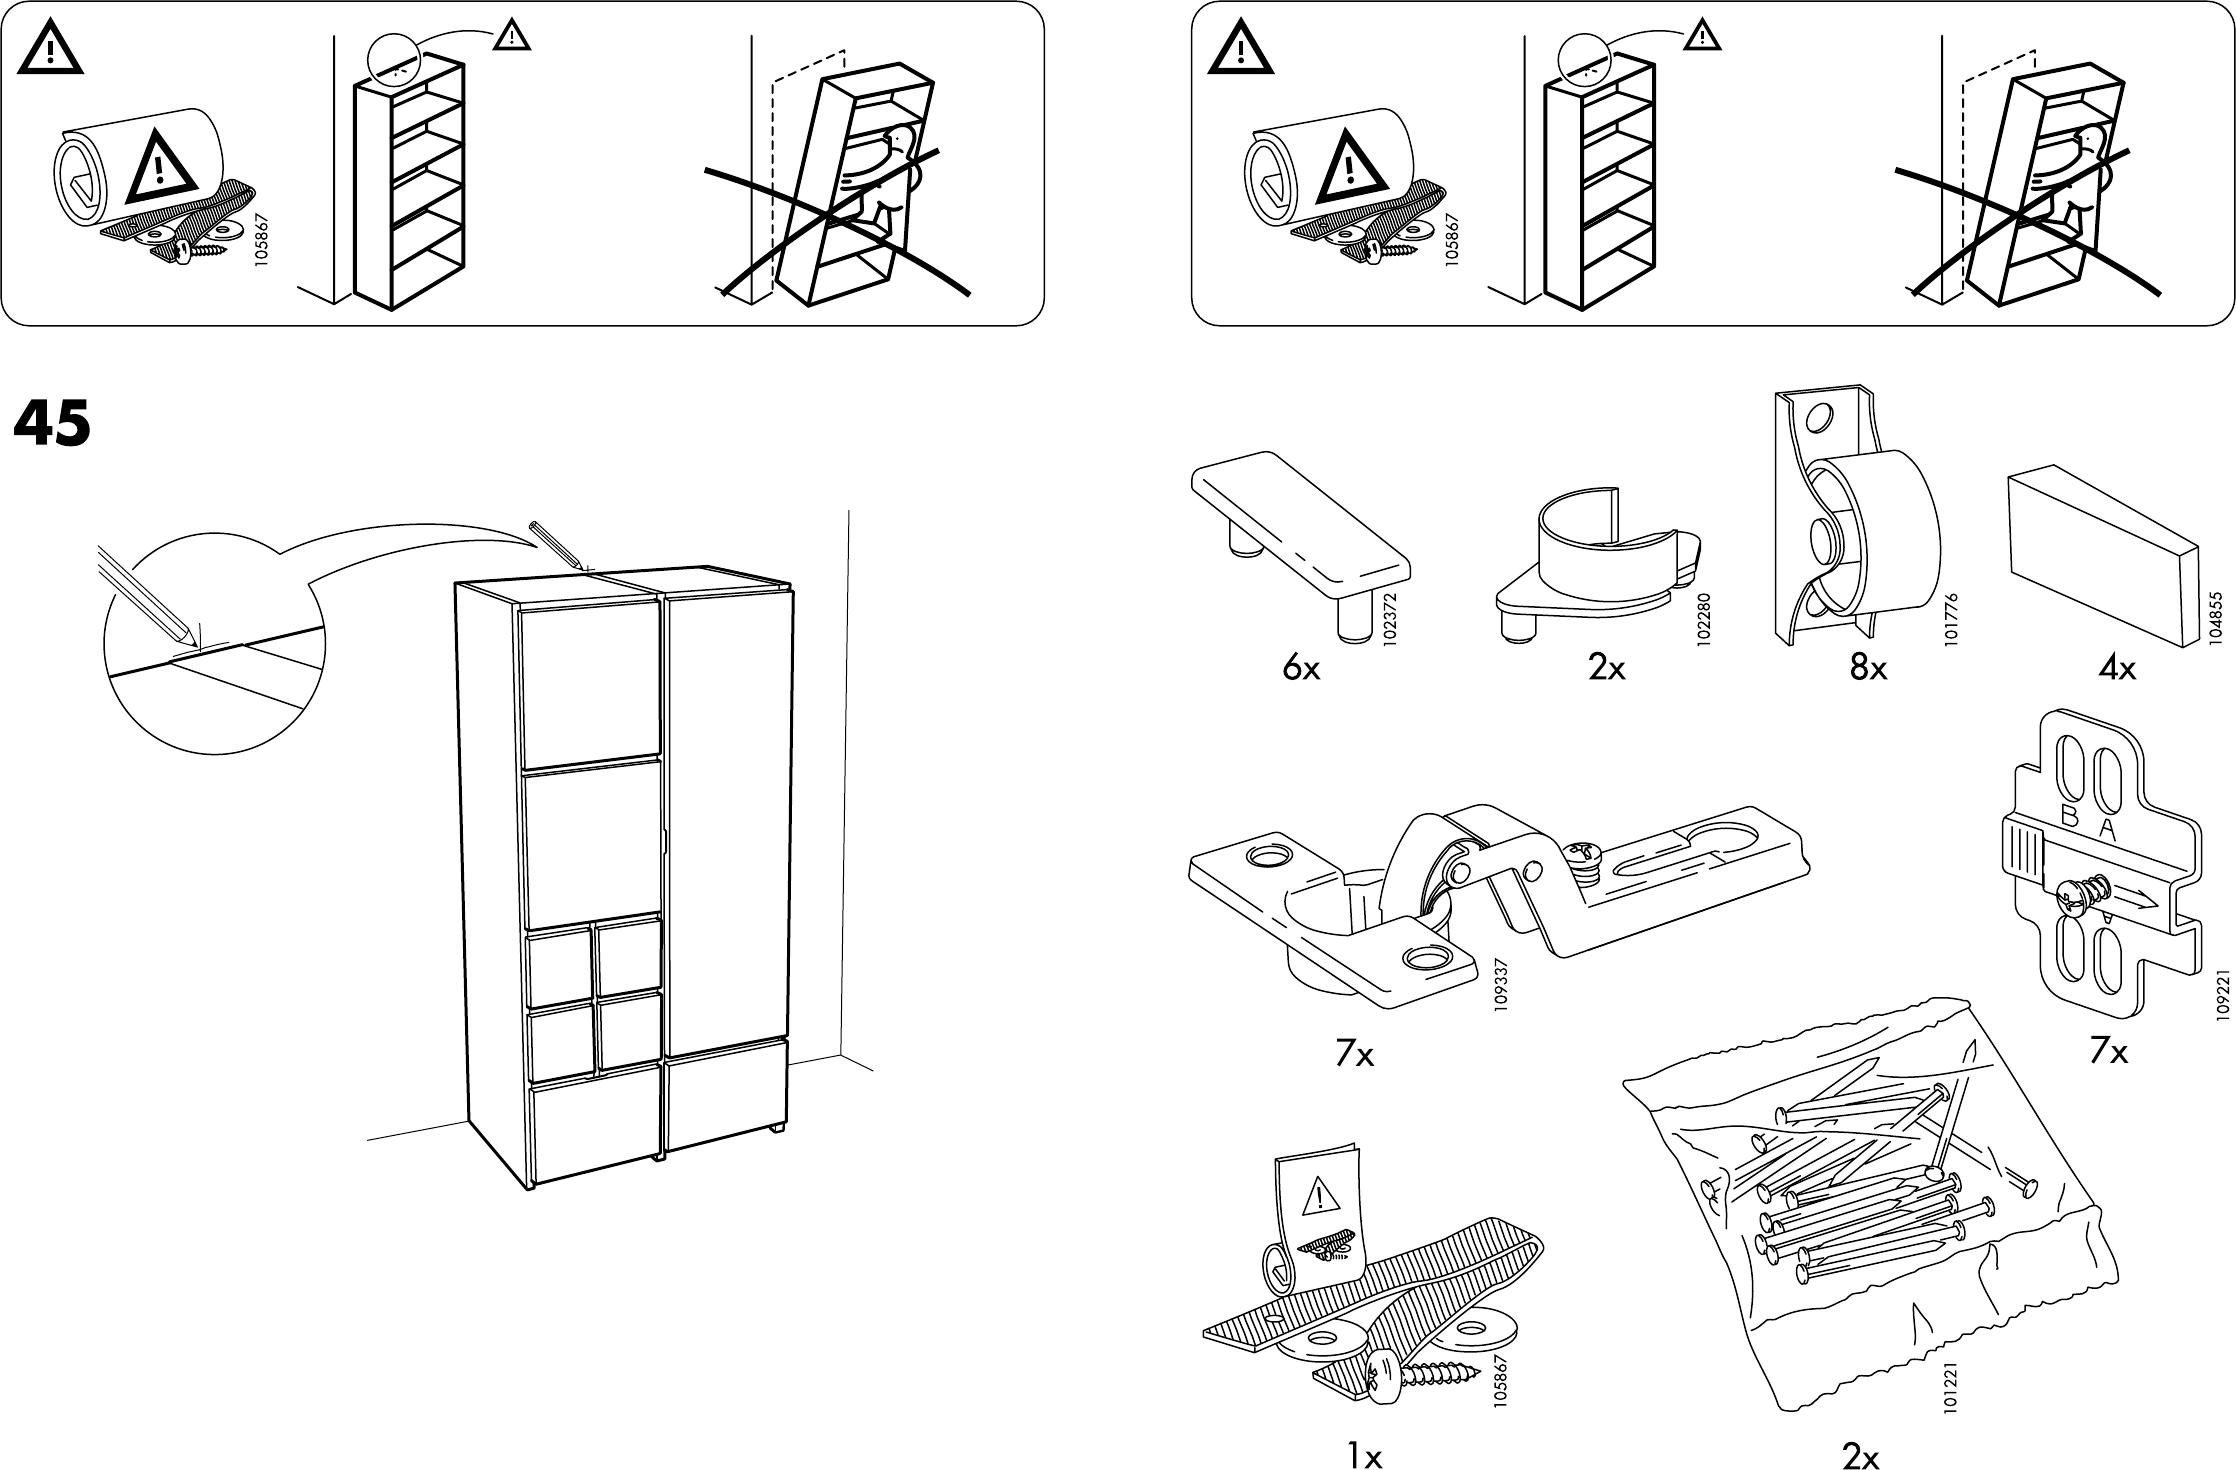 Ikea Ideas For Small Living Room ~ Handleiding Ikea Rakke kast (pagina 3 van 12) (Dansk, Deutsch, English
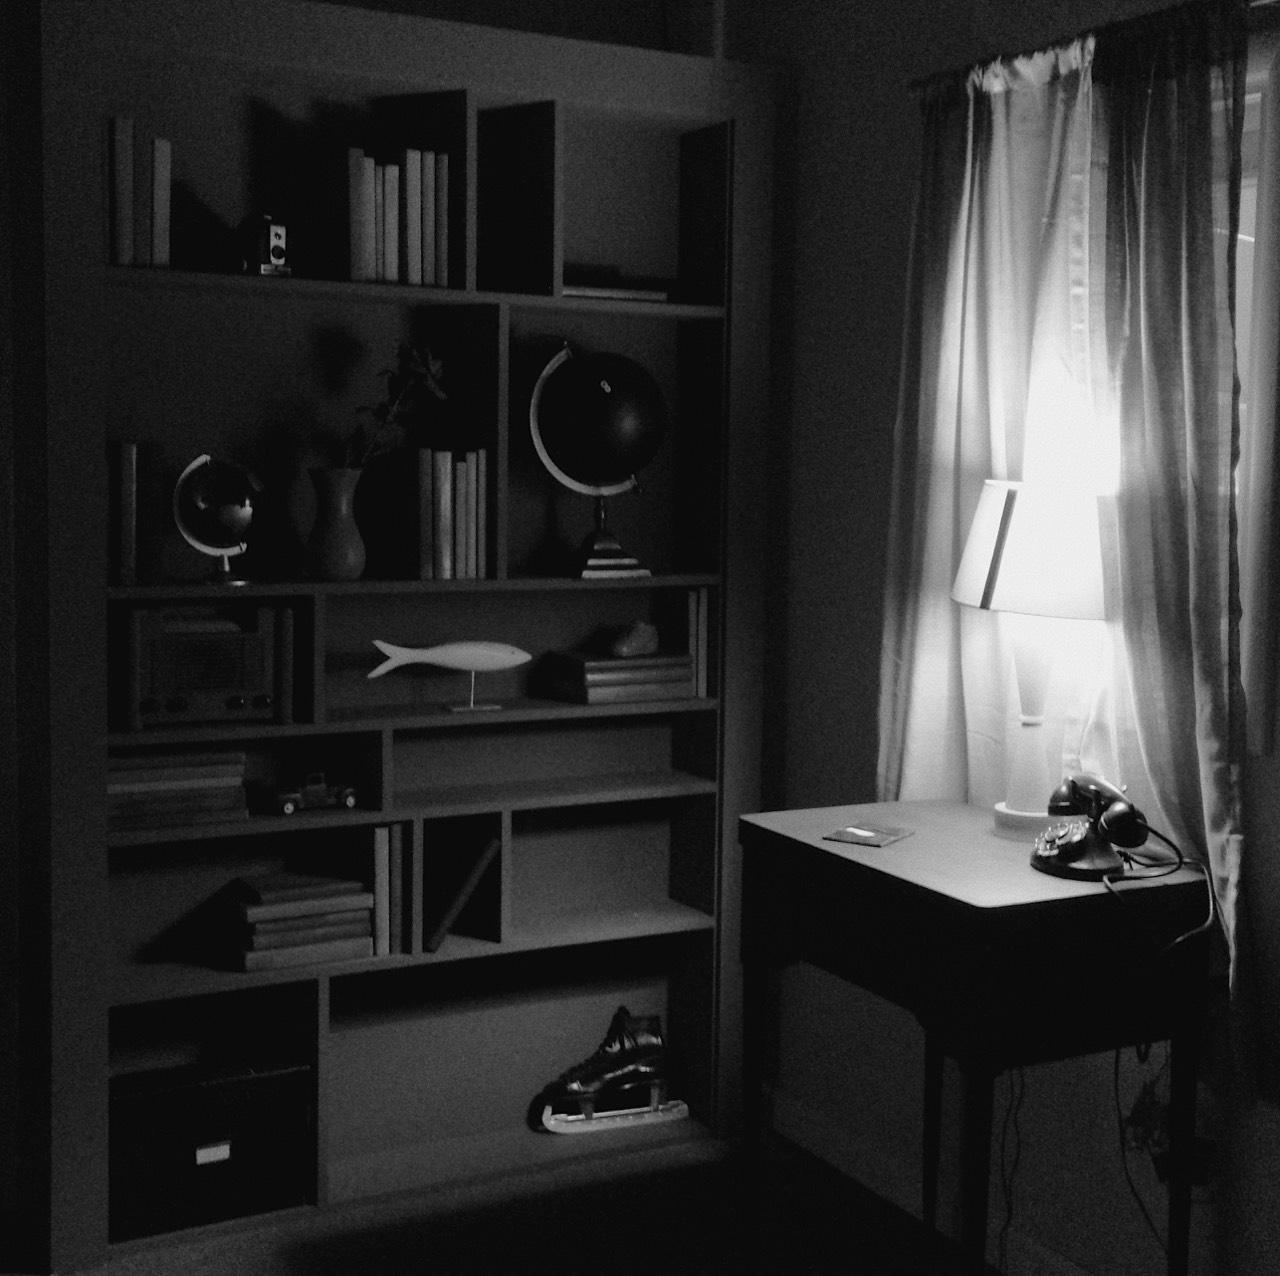 Pompton Lakes NJ Escape Room - Awaken - EscapeRoomNJ
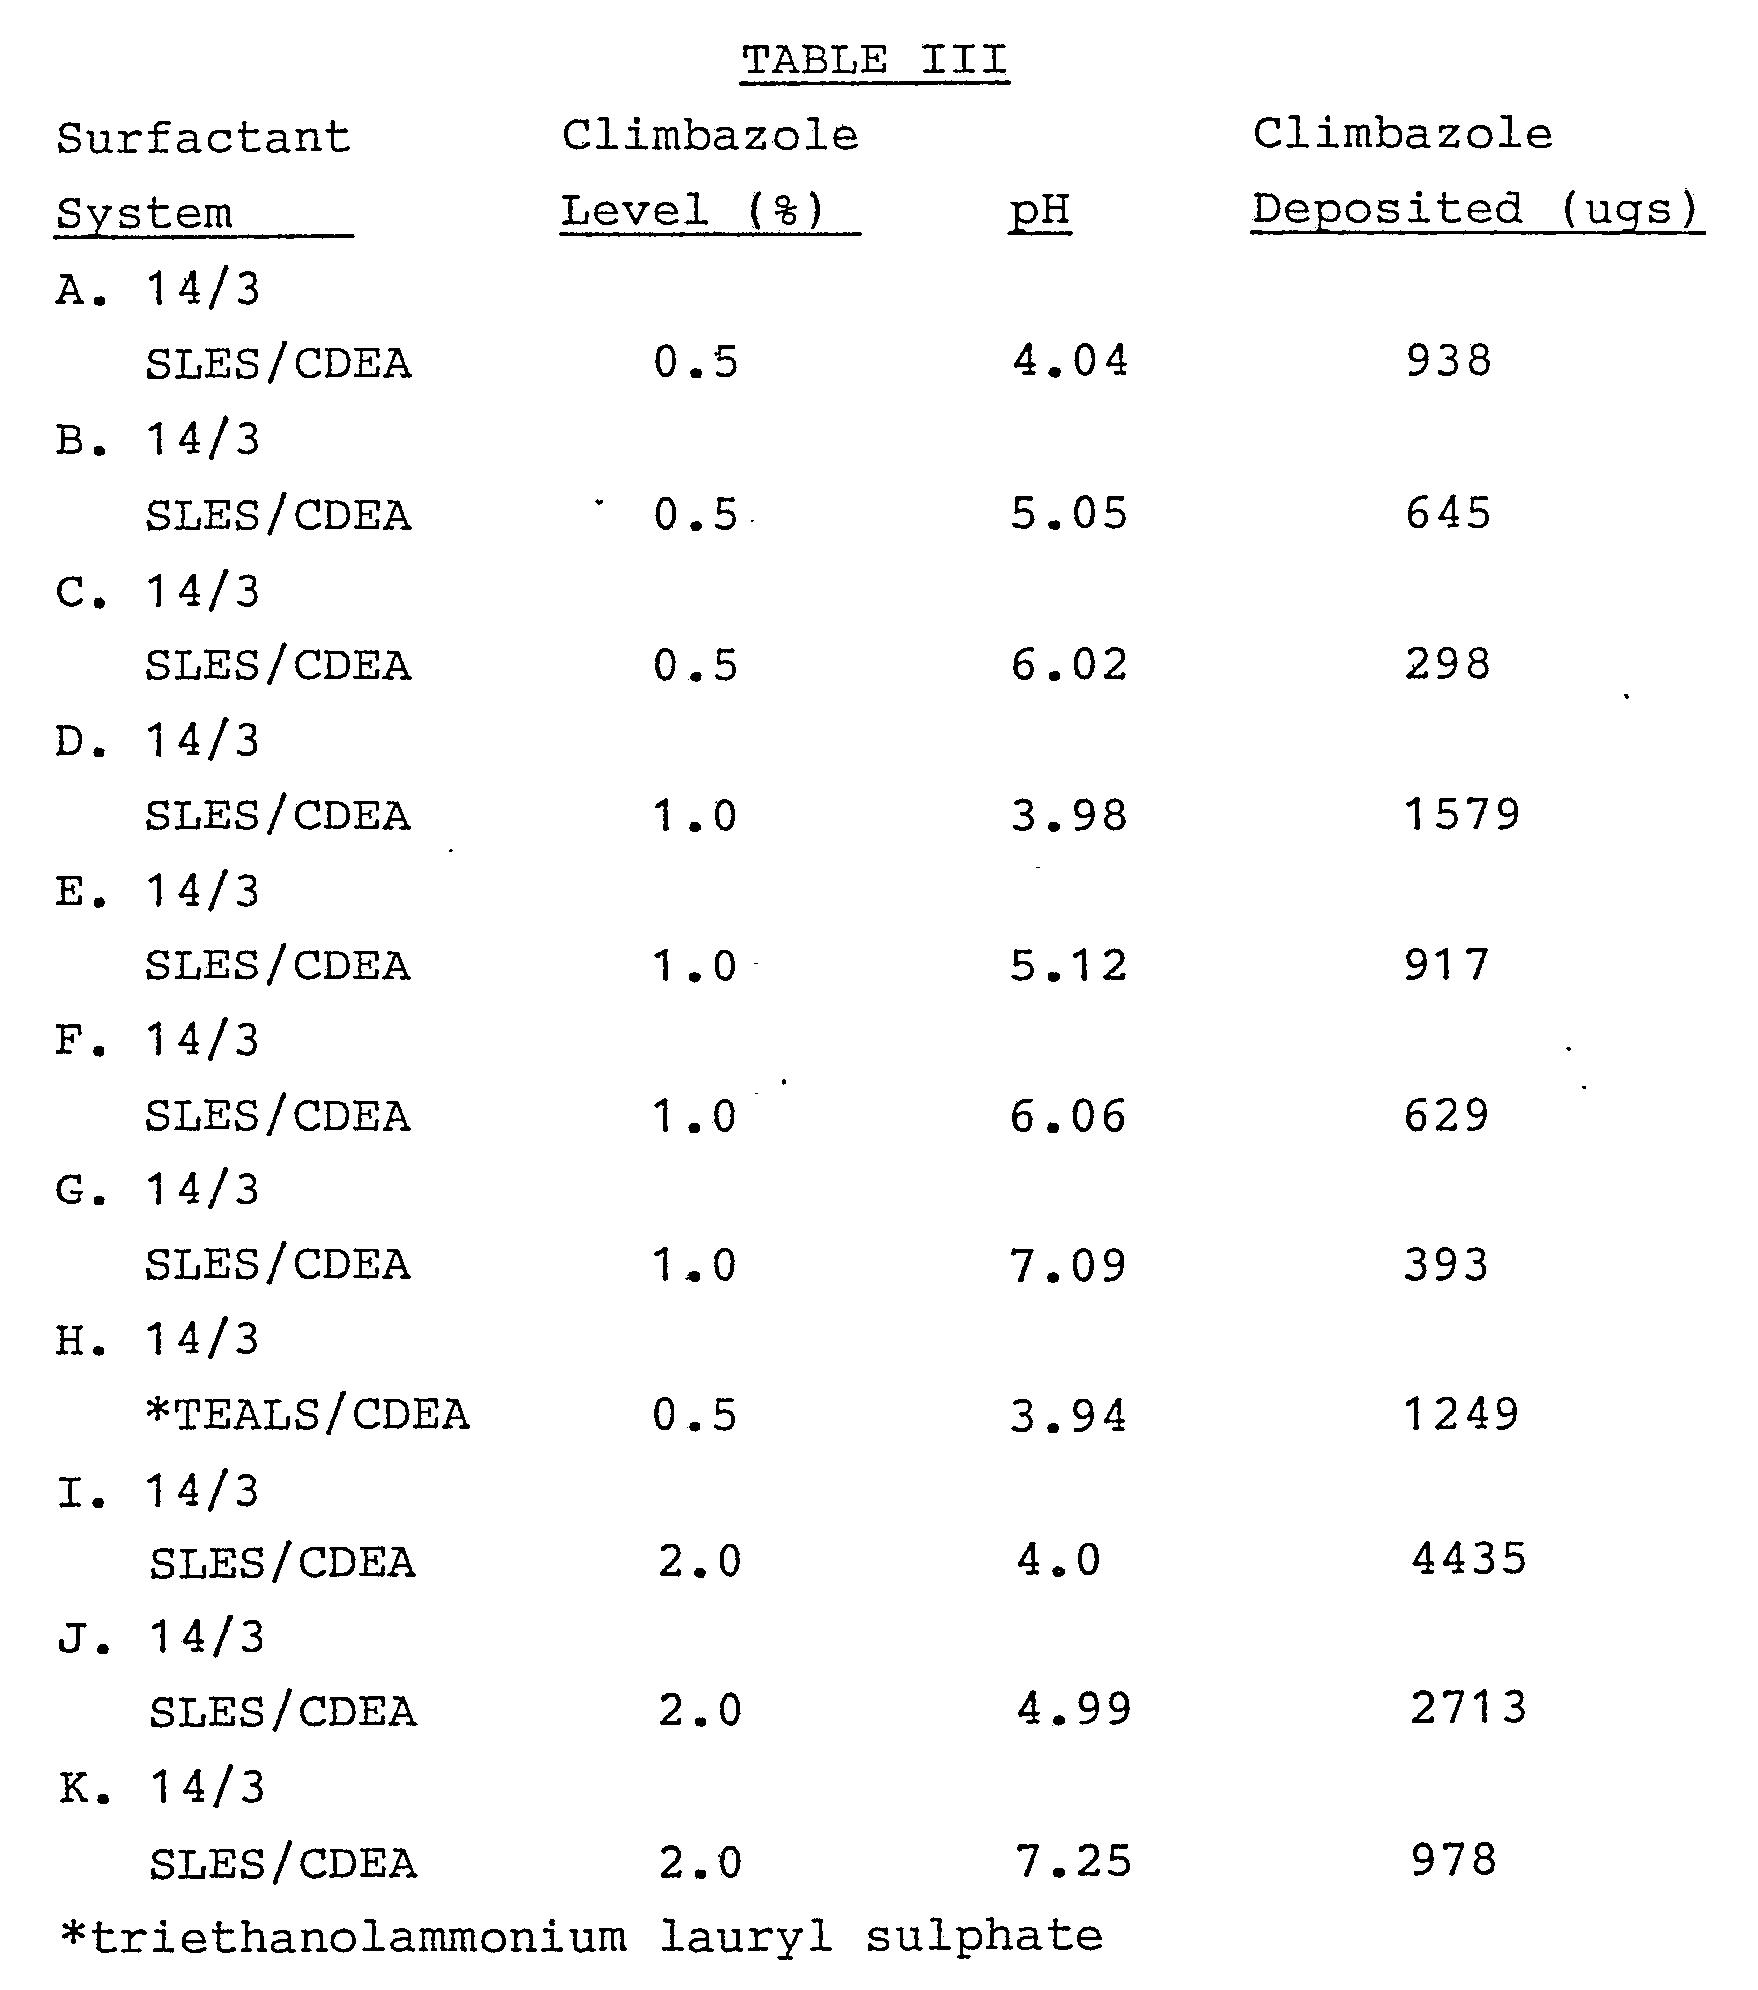 EP0338850A2 - Low pH shampoo containing climbazole - Google
══════════
Work request → An exact reproduction of the data above is required, with every picture removed.

Reply to the task →
 Ikea Ideas For Small Living Room ~ Handleiding Ikea Rakke kast (pagina 3 van 12) (Dansk, Deutsch, English
 Pompton Lakes NJ Escape Room - Awaken - EscapeRoomNJ
 EP0338850A2 - Low pH shampoo containing climbazole - Google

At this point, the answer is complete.